Some lexemes are reduced to different mark tokens depending on the conditions.

WS

There are tokens preceding the current lexeme, and one or more whitespace characters are placed between the previous token and the current lexeme.

not WS

There are not tokens preceding the current lexeme, or no whitespace characters is placed between the previous token and the current lexeme.

Pattern

Condition

Mark token

Note

literal !

always

!

op_lognot operator

literal ~

always

~

op_not operator

literal <-

always

<-

op_store operator

literal ||

always

||

op_logor operator

literal &&

always

&&

op_logand operator

literal ==

always

==

op_eq operator

literal !=

always

!=

not-equal operator

literal <

always

<

op_lt operator

literal >

always

>

greater-than operator

literal <=

always

<=

less-than-or-equal-to operator

literal >=

always

>=

greater-than-or-equal-to operator

literal |

always

|

op_or operator

literal ^

always

^

op_xor operator

literal &

always

&

op_and operator

literal <<

always

<<

op_shl operator

literal >>

always

>>

op_shr operator

literal +

always

+

op_add operator

literal -

always

-

op_sub operator, or op_minus operator

literal *

always

*

op_mul operator

literal /

always

/

op_div operator

literal //

always

//

op_intdiv operator

literal %

always

%

op_rem operator

literal =

always

=

Let clauses

literal :

not WS

COLON

Local variable references

literal :

WS

WS_COLON

Member variable references

literal $

not WS

DOLLAR

Local variable load of a function symbol

literal $

WS

WS_DOLLAR

Member variable load of a function symbol

literal .

always

.

Access to variables or functions

literal ...

always

...

Elements spreading

literal [

not WS

OPENBRACKET

Vectors, formal receivers, or actual receivers

literal [

WS

WS_OPENBRACKET

Vectors

literal ]

always

]

Closing

literal {

not WS

OPENBRACE

Function expressions or function arguments

literal {

WS

WS_OPENBRACE

Function expressions

literal }

always

}

Closing

literal (

not WS

OPENPAREN

Parentheses expressions, formal arguments, or actual arguments

literal (

WS

WS_OPENPAREN

Parentheses expressions

literal )

always

)

Closing

regex \binding(?![a-zA-Z0-9_?])

always

\binding

Context binding expressions

2.2.3. Abstract source tree

The list describes the parsing rule of the program abstract source tree, or AST, from the token sequence of a program text.
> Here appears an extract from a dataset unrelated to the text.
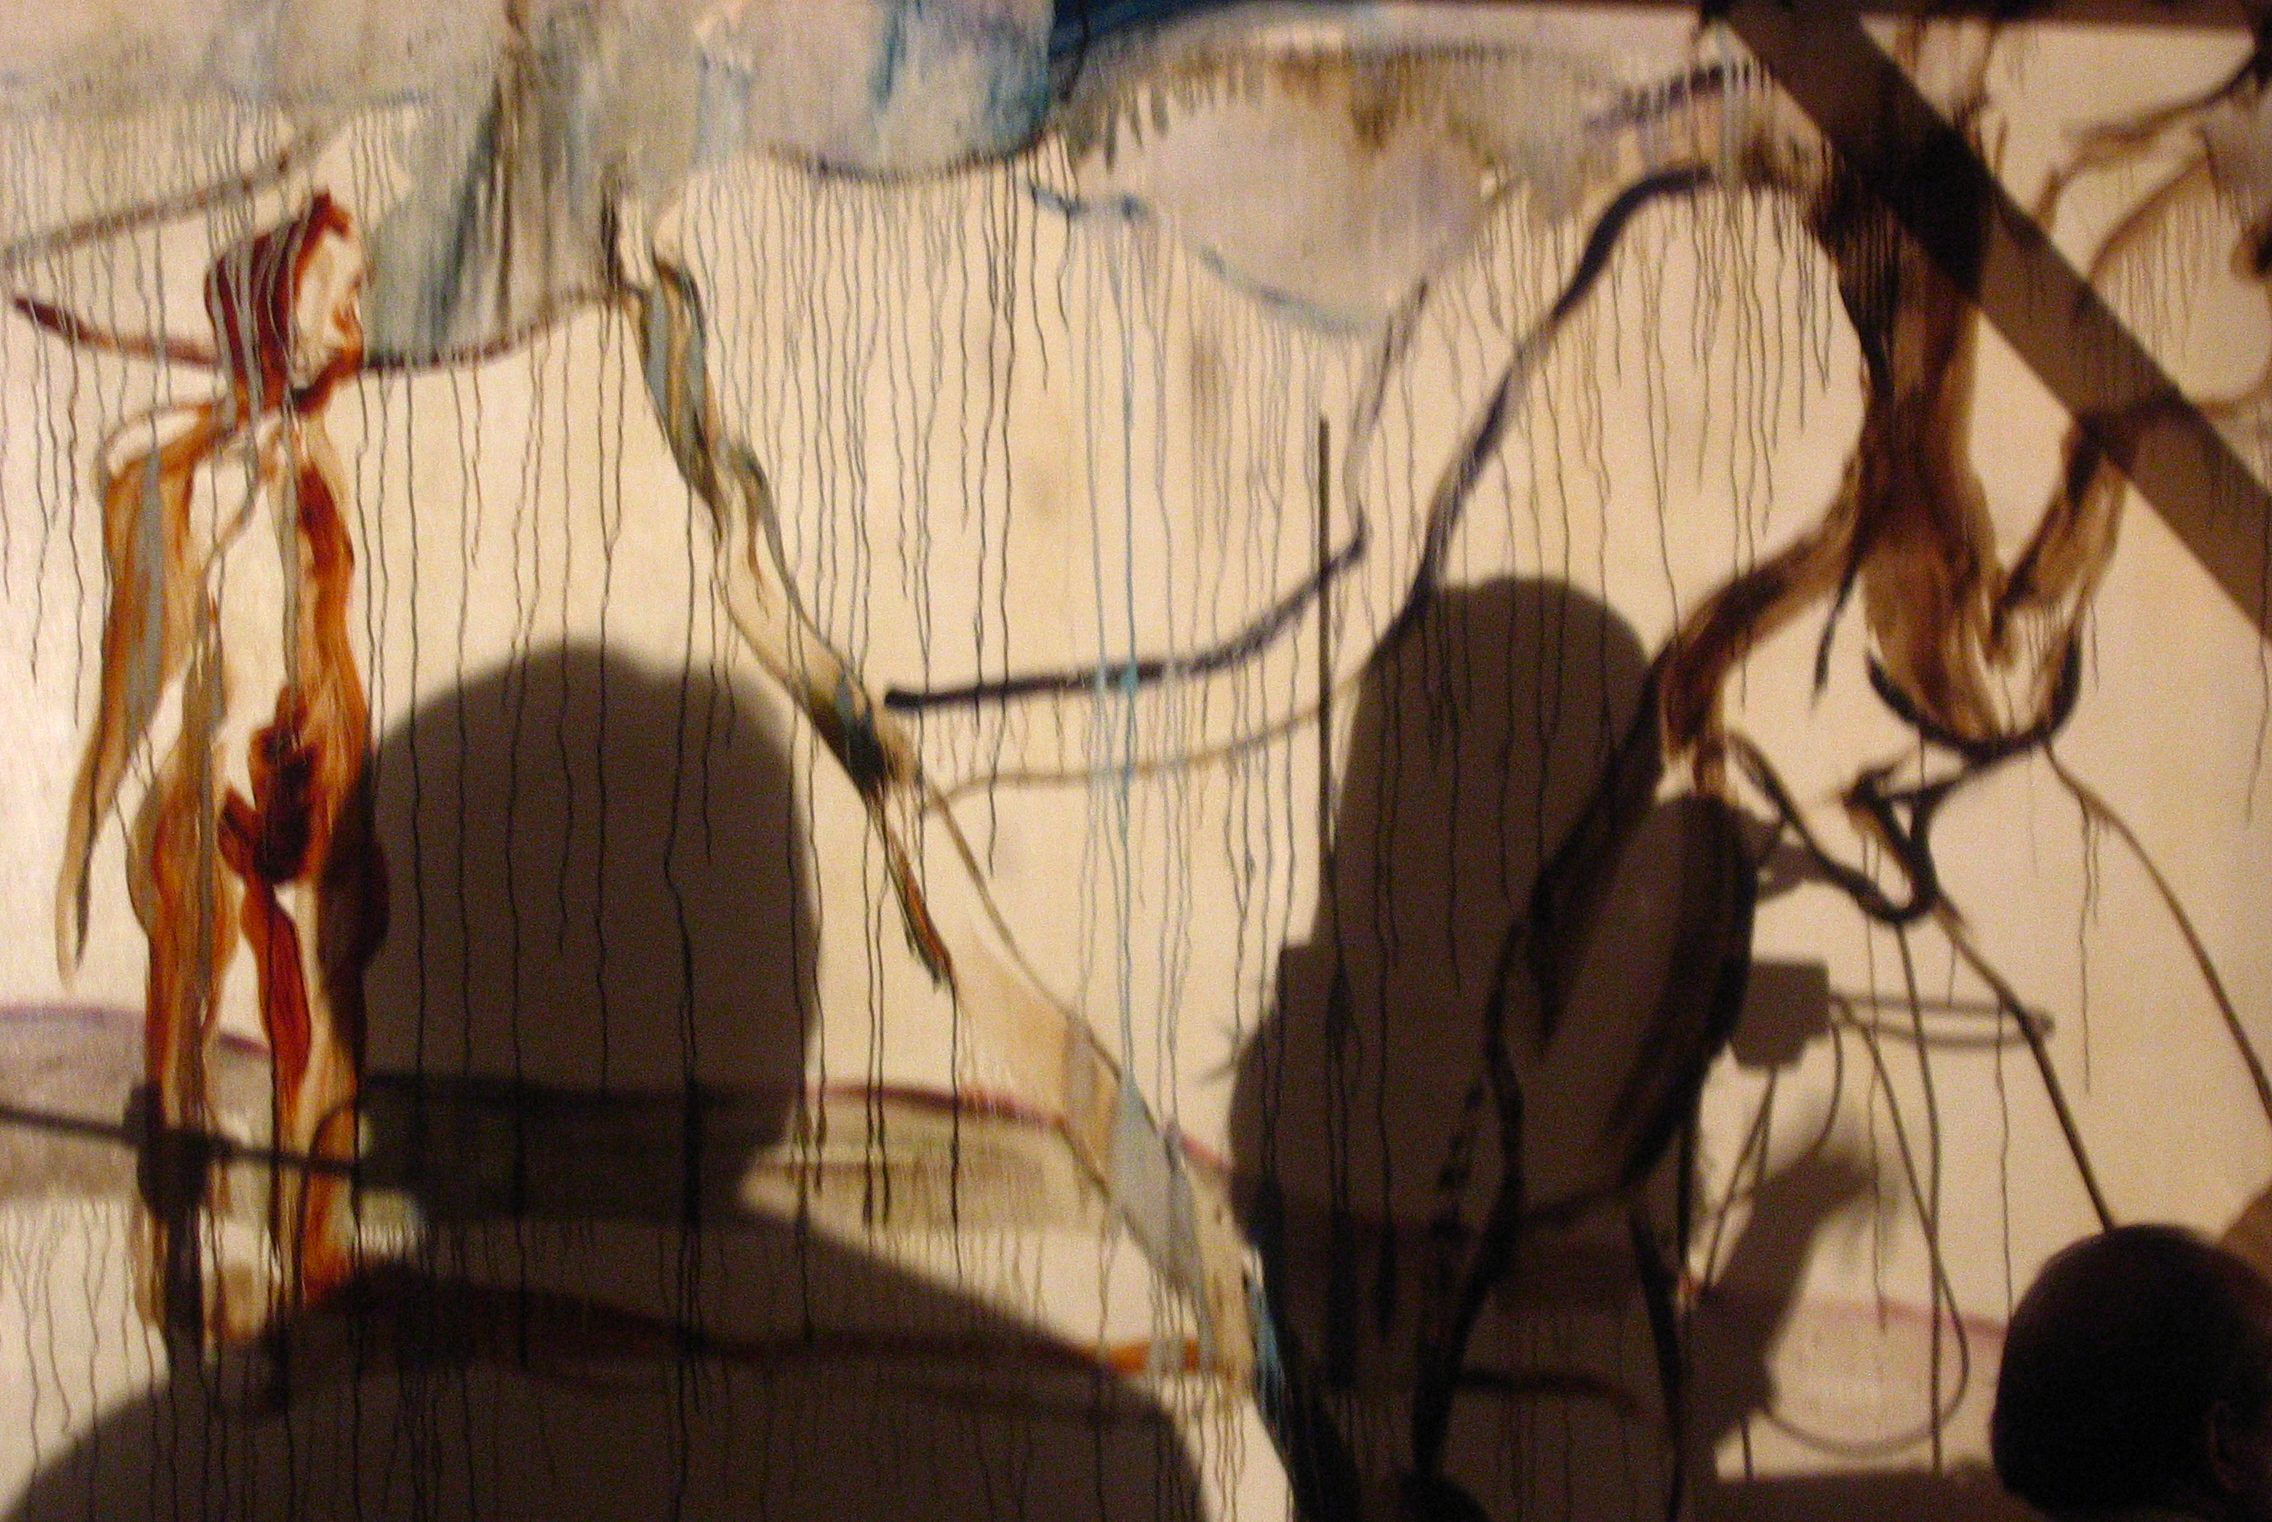 Performance in Principio erano le ombre (con l'ombra di Ivana Gatti) - olio su tela 500x300cm

There are several shift/reduce conflicts in the rules, and the parser always choose to shift.

program           ::=  toplevel
toplevel          ::=  empty
                       expression toplevel
seq               ::=  empty
                       substantial_seq
substantial_seq   ::=  expression
                       expression substantial_seq
                       expression '=' expression substantial_seq
expression        ::=  store_op
store_op          ::=  logor_op
                       logor_op '<-' logor_op
logor_op          ::=  logand_op
                       logand_op '||' logor_op
logand_op         ::=  relation_op
                       relation_op '&&' logand_op
relation_op       ::=  add_op
                       add_op '==' add_op
                       add_op '!=' add_op
                       add_op '<' add_op
                       add_op '>' add_op
                       add_op '<=' add_op
                       add_op '>=' add_op
add_op            ::=  multiply_op
                       add_op '+' multiply_op
                       add_op '-' multiply_op
                       add_op '|' multiply_op
                       add_op '^' multiply_op
multiply_op       ::=  unary_op
                       multiply_op '*' unary_op
                       multiply_op '/' unary_op
                       multiply_op '//' unary_op
                       multiply_op '%' unary_op
                       multiply_op '&' unary_op
                       multiply_op '<<' unary_op
                       multiply_op '>>' unary_op
unary_op          ::=  primary
                       '-' unary_op
                       '!' unary_op
                       '~' unary_op
primary           ::=  num
                       str
                       binding
                       paren
                       vec
                       fun
                       local_load
                       member_load
                       local_varref
                       member_varref
                       local_call
                       member_call
num               ::=  NUM
str               ::=  STRING
binding           ::=  '\binding'
paren             ::=  OPENPAREN seq ')'
                       WS_OPENPAREN seq ')'
vec               ::=  OPENBRACKET vec_body ']'
                       WS_OPENBRACKET vec_body ']'
fun               ::=  OPENBRACE fun_body '}'
                       WS_OPENBRACE fun_body '}'
local_load        ::=  DATA_SYM | DOLLAR FUN_SYM | WS_DOLLAR FUN_SYM
local_varref      ::=  COLON DATA_SYM
                       WS_COLON DATA_SYM
                       COLON FUN_SYM
                       WS_COLON FUN_SYM
local_call        ::=  FUN_SYM recv args
member_load       ::=  primary '.' DATA_SYM
                       primary DOLLAR FUN_SYM
member_varref     ::=  primary COLON DATA_SYM
                       primary COLON FUN_SYM
member_call       ::=  primary '.' FUN_SYM recv args
recv              ::=  empty
                       OPENBRACKET expression ']'
args              ::=  paren_args fun_args
paren_args        ::=  empty
                       OPENPAREN vec_body ')'
fun_args          ::=  empty
                       fun_arg fun_args
fun_arg           ::=  OPENBRACE fun_body '}'
vec_body          ::=  empty
                       elements_producer vec_body
elements_producer ::=  expression
                       '...' expression
fun_body          ::=  formal_receiver formal_args seq
formal_receiver   ::=  empty
                       OPENBRACKET expression ']'
formal_args       ::=  empty
                       OPENPAREN vec_body ')'
empty             ::= 

These symbols shown in the production rules are terminal symbols.

Terminal symbol

Description

FUN_SYM

Fun symbol such as print

DATA_SYM

Data symbol such as Count

NUM

Num literal such as 42 or 3.14159

STRING

String literal such as 'Peng!'

COLON

Mark token COLON

WS_COLON

Mark token WS_COLON

DOLLAR

Mark token DOLLAR

WS_DOLLAR

Mark token WS_DOLLAR

OPENPAREN

Mark token OPENPAREN

WS_OPENPAREN

Mark token WS_OPENPAREN

OPENBRACKET

Mark token OPENBRACKET

WS_OPENBRACKET

Mark token WS_OPENBRACKET

OPENBRACE

Mark token OPENBRACE

WS_OPENBRACE

Mark token WS_OPENBRACE

Those enclosed by single quotation marks

Corresponding mark token